PZ Cussons lowers dividend and profit forecast due to currency problems

  • PZ Cussons now expects an adjusted operating profit of £55-60 million this year
  • The company’s shares were the biggest fallers on the FTSE 250 on Wednesday morning

Shares of PZ Cussons fell on Wednesday morning after the group cut its profit forecast and dividend, as the group continues to suffer from the devaluation of the Nigerian naira.

Imperial Leather’s owner now expects adjusted operating profit of £55m to £60m in the current financial year, compared to consensus expectations of £61.5m to £68.2m.

PZ Cussons shares fell 16.4 per cent, or 21 cents, to 107 cents by 10am, making them by some distance the biggest faller on the FTSE 250 Index.

Downgraded forecast: Imperial Leather owner PZ Cussons now expects adjusted operating profit of £55 million to £60 million in the current financial year

CEO Jonathan Myers said the weakening naira, which has been devalued by 70 percent in the past year, is the “most significant challenge we have faced to date.”

Last week, Nigeria devalued its currency for the second time in eight months as part of plans to overhaul its exchange rate system and attract more foreign investment into the country.

PZ Cussons does not expect a “significant recovery” in the value of the naira and has therefore decided to reduce the interim dividend payout by 44 percent to 1.5 per share.

Myers said: ‘While we continue to make good progress in managing this volatility, the further devaluation in recent weeks will inevitably impact our FY24 results.

‘As a board, we have taken the sensible step to reduce the interim dividend in light of the devaluation.’

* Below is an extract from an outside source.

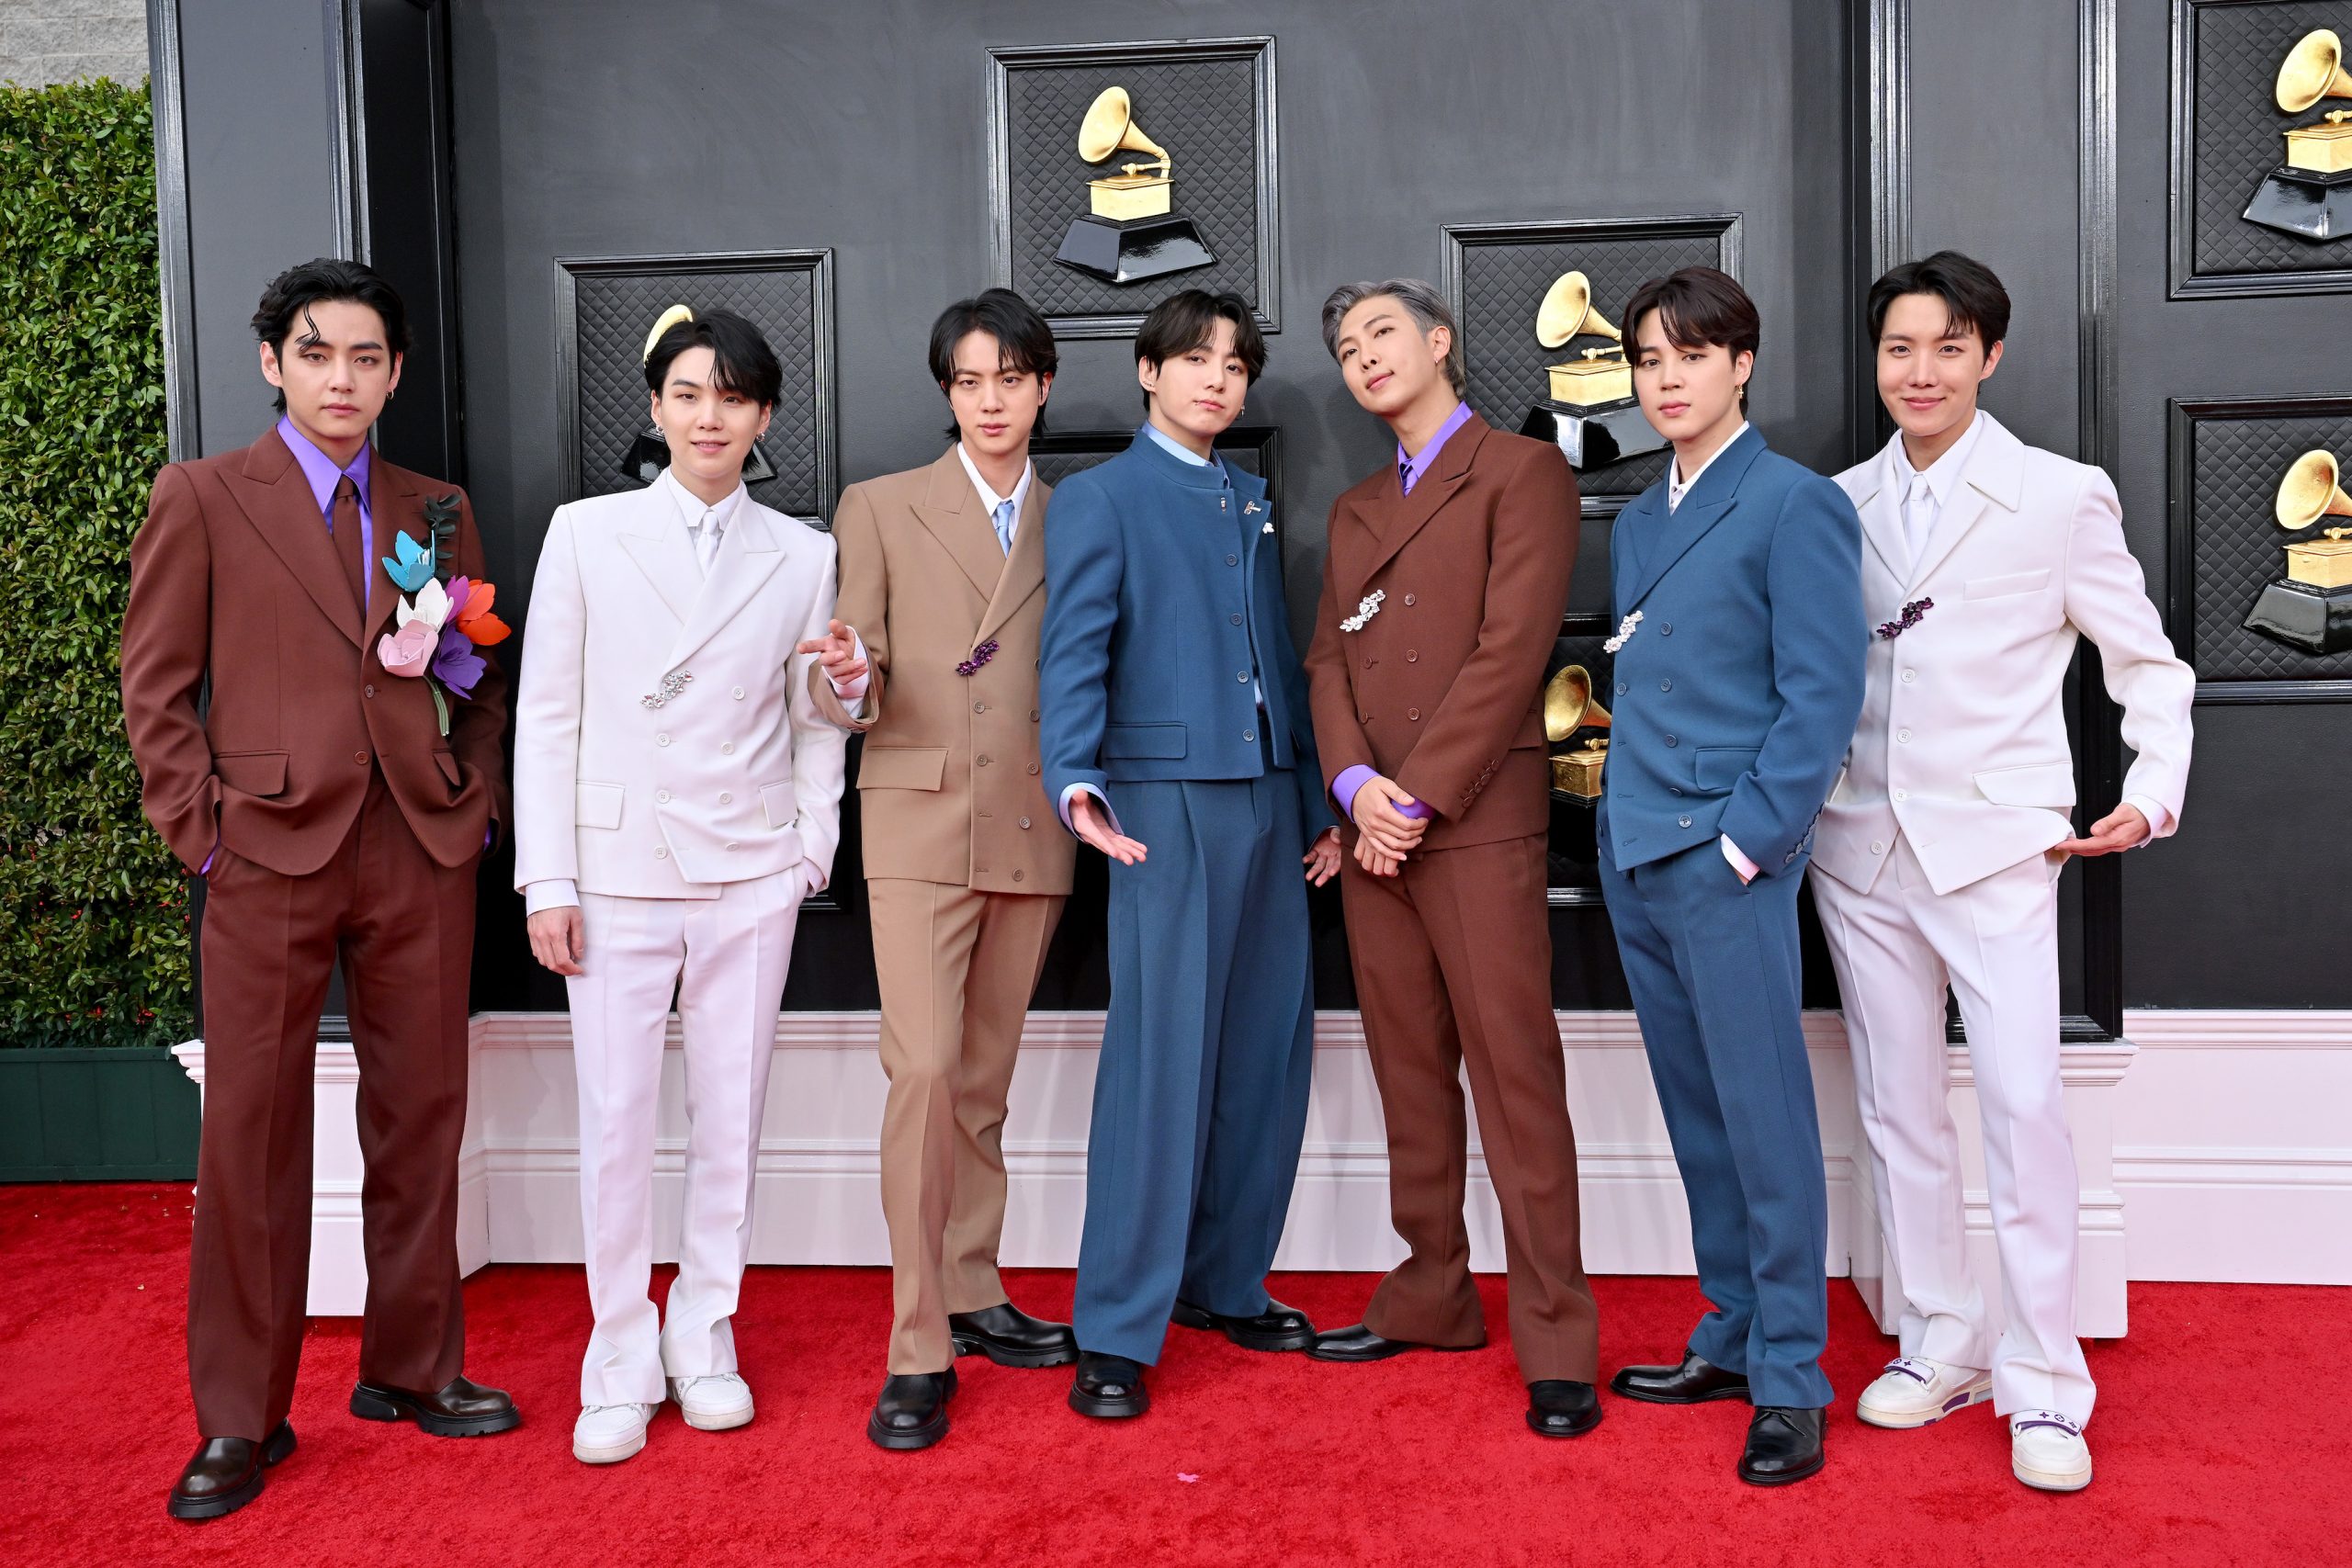 What Would BTS Wear If They Attended the Met Gala 2021?

In the six months ended December 2, the depreciation of the naira contributed to exchange losses of £88.2 million and a £150.6 million decline in net assets for PZ Cussons.

As a result, the Manchester-based company fell to a statutory operating loss of £89.7 million, after posting a profit of £39.2 million the previous year.

Sales also fell 17.8 percent to £277.1 million, although they rose for the ninth quarter in a row on a like-for-like basis, partly due to price increases.

Sales were further hit by lower demand for Cussons Baby products in Indonesia, as well as a weaker Indonesian rupiah and a weaker Australian dollar.

Across Europe and the Americas, sales fell marginally to £97.2m due to reduced purchases from beauty brands Sanctuary Spa and St Tropez, which offset growth in the personal care business in Childs Farm and the UK.

Founded 140 years ago in Sierra Leone, PZ Cussons’ other brands include Carex and Original Source handwash, baby food maker Rafferty’s Garden and Morning Fresh dishwashing liquid.

Analysts at Numis said: ‘We continue to believe in the potential of PZ Cussons’ management to deliver a material transformation in the quality of earnings for the group, but recognize that recent events in Nigeria will hamper progress towards this delayed the target.’